_To do_
What is needed is an exact copy of the lines in the listing below, from the one with "Kč Sleva 000862f5675" up to and including the one with "ΣΕΜΙΝΑΡΙΟ: Εφαρμοσμένη Ζωνοθεραπεία 1", with no other lines.

_Listed entries_
--------

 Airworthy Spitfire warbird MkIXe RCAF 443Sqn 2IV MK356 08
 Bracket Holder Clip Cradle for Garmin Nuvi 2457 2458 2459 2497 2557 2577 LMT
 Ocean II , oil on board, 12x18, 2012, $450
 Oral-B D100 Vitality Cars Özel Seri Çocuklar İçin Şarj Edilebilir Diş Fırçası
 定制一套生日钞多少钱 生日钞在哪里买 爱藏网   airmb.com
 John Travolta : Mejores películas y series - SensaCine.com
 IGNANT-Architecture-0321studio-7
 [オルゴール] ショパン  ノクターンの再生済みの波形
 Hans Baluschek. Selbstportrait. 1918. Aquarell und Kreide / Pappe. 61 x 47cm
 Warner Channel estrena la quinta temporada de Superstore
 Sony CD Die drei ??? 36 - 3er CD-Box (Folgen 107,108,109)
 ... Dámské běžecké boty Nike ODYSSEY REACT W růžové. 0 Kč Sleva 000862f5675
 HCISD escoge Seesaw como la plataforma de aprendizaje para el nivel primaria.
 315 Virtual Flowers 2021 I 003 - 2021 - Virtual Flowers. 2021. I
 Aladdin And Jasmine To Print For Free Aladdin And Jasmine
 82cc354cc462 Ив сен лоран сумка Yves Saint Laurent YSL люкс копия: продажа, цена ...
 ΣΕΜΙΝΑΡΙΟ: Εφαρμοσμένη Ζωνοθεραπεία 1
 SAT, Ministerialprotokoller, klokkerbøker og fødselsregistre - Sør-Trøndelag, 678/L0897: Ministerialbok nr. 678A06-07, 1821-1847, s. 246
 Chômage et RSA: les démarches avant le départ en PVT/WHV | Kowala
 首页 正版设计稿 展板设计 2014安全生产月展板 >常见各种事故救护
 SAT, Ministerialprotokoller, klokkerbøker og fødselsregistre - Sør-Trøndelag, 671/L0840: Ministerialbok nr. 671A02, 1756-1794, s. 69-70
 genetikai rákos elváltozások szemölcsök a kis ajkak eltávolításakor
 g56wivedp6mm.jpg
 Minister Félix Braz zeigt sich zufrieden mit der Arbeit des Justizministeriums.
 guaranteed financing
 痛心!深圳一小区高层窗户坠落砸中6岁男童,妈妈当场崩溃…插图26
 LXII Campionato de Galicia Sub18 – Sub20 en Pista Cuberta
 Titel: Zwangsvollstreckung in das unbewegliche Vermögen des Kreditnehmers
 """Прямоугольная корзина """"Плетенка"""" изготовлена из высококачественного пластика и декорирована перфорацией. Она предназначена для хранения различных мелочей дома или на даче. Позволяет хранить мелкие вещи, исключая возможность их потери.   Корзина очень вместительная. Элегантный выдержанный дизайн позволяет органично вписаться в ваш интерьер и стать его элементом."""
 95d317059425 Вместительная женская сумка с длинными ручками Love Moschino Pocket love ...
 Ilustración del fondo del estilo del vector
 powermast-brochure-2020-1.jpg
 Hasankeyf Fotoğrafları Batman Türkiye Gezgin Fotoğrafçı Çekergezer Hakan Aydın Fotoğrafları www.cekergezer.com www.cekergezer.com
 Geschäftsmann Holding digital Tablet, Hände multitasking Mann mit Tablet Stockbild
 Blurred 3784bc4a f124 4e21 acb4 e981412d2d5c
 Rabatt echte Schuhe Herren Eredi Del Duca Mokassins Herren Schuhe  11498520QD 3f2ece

--------

_Answer_
 ... Dámské běžecké boty Nike ODYSSEY REACT W růžové. 0 Kč Sleva 000862f5675
 HCISD escoge Seesaw como la plataforma de aprendizaje para el nivel primaria.
 315 Virtual Flowers 2021 I 003 - 2021 - Virtual Flowers. 2021. I
 Aladdin And Jasmine To Print For Free Aladdin And Jasmine
 82cc354cc462 Ив сен лоран сумка Yves Saint Laurent YSL люкс копия: продажа, цена ...
 ΣΕΜΙΝΑΡΙΟ: Εφαρμοσμένη Ζωνοθεραπεία 1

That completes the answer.